Goal of the exercise: Word for word, reproduce each line of the data below, omitting every image.

Provided material:

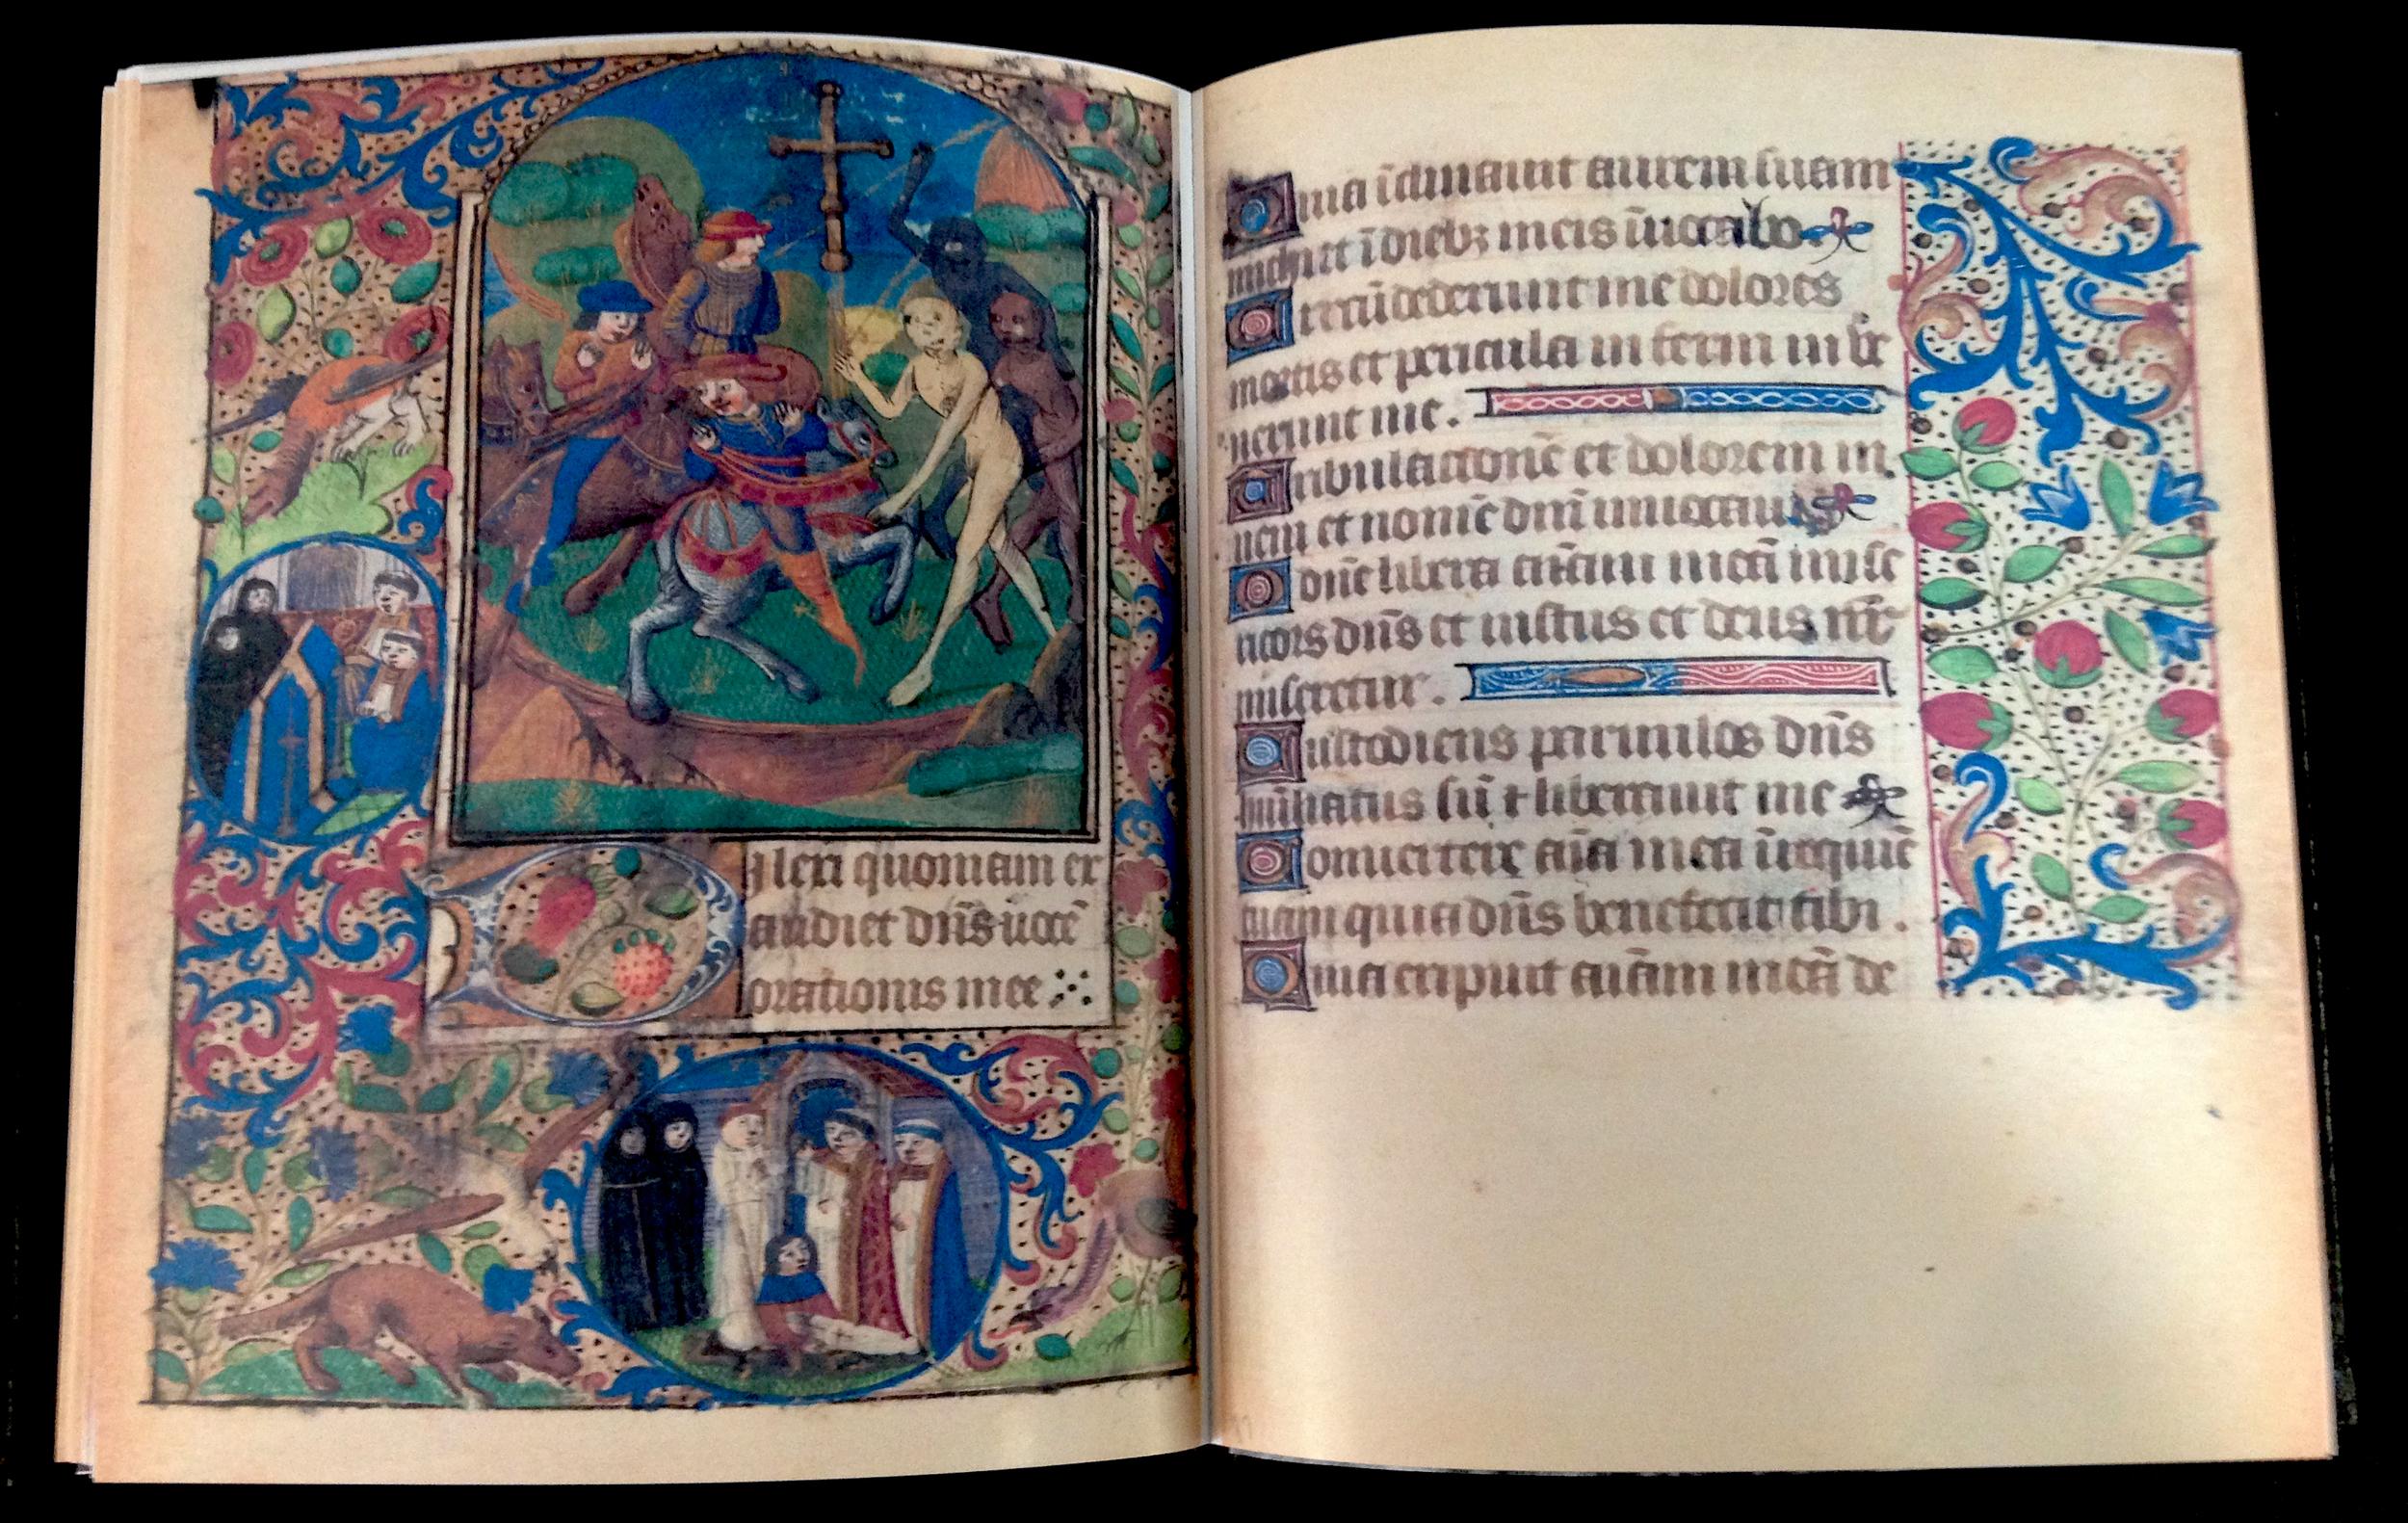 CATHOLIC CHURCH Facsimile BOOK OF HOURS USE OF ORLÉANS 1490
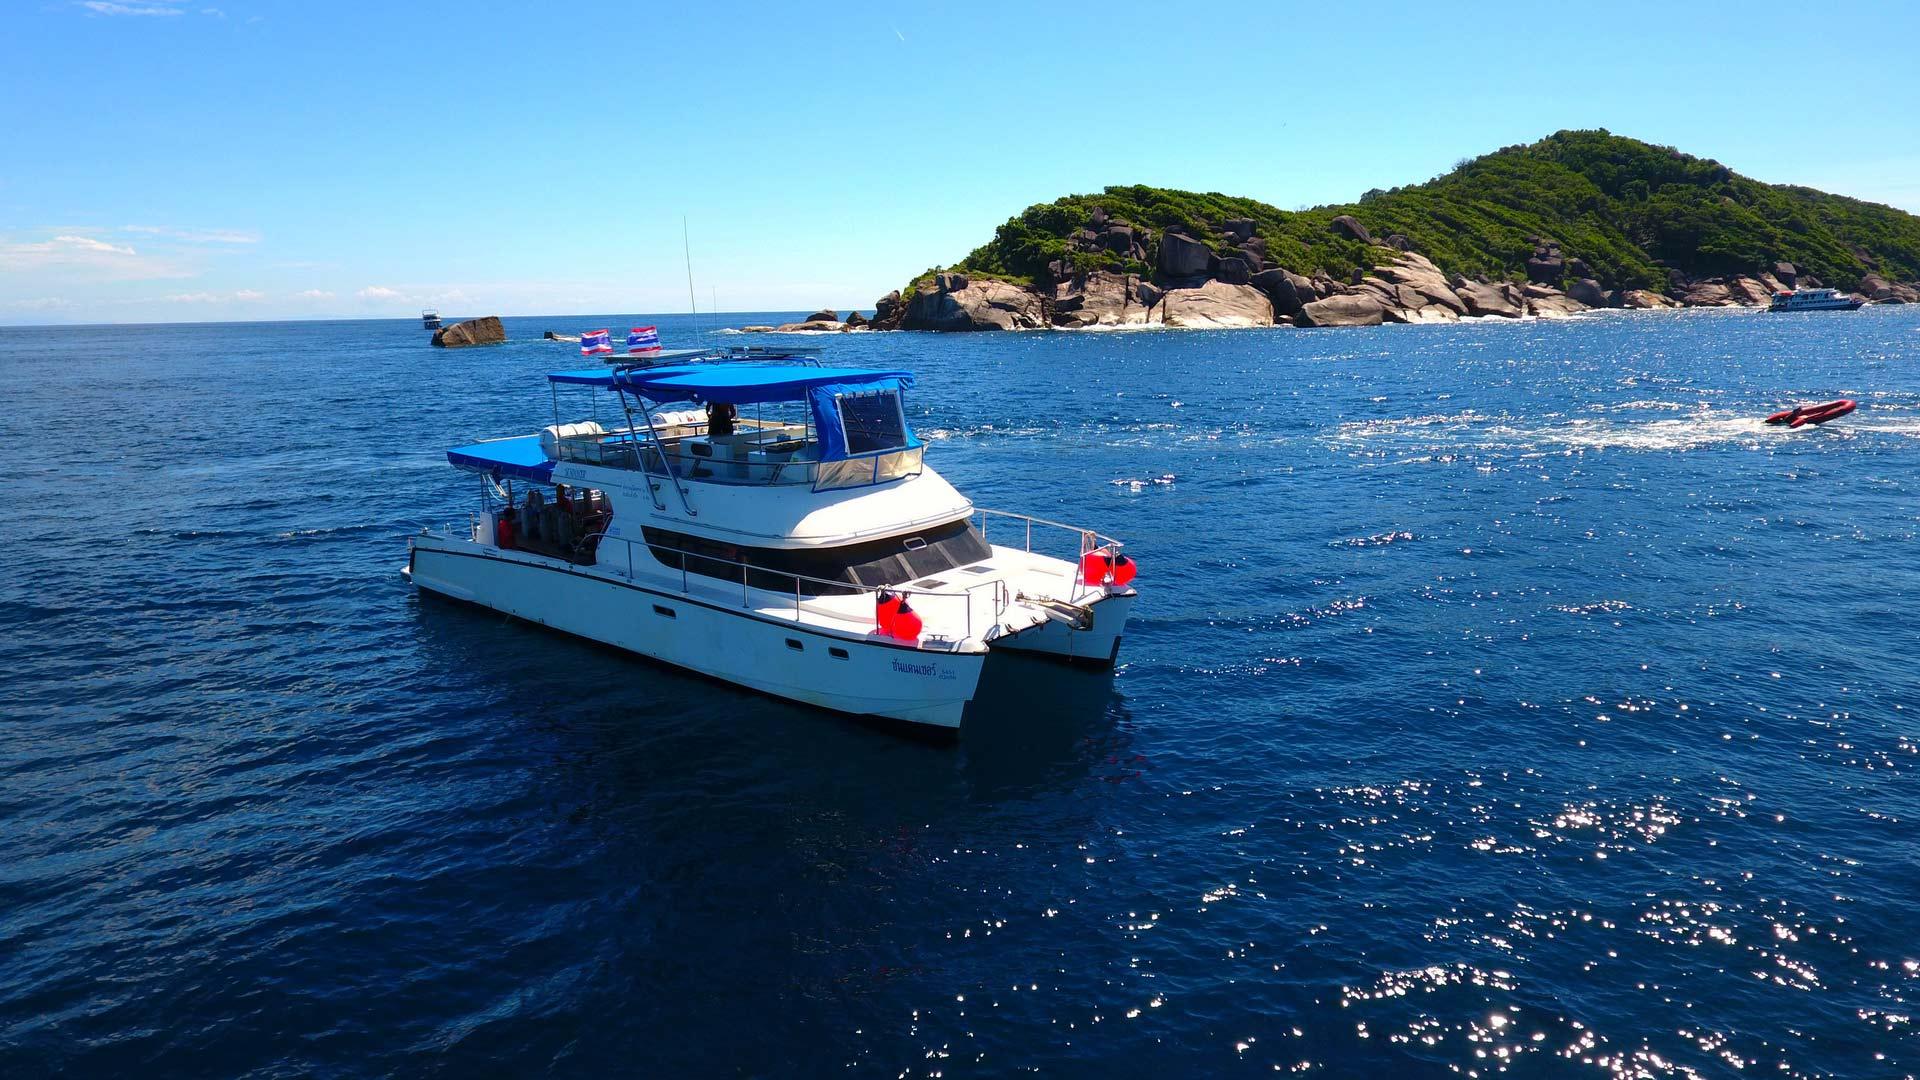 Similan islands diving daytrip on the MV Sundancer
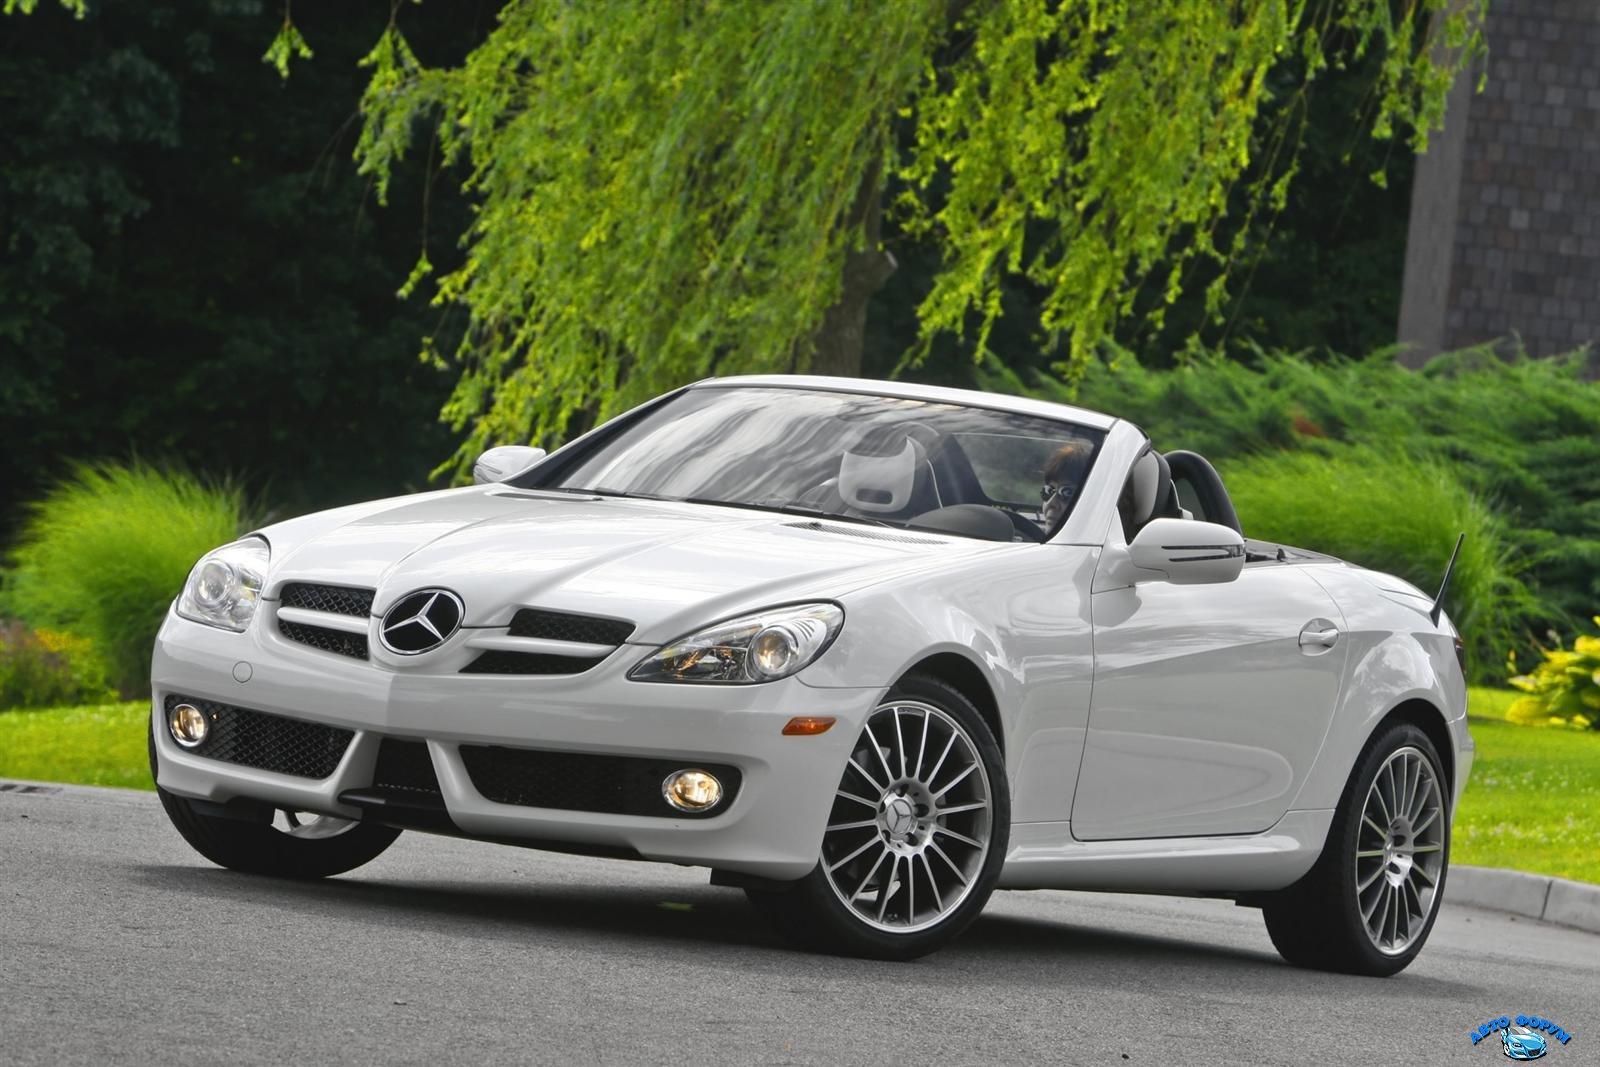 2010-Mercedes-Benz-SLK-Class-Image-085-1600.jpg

Problem solution:
 CATHOLIC CHURCH Facsimile BOOK OF HOURS USE OF ORLÉANS 1490
 Similan islands diving daytrip on the MV Sundancer
 2010-Mercedes-Benz-SLK-Class-Image-085-1600.jpg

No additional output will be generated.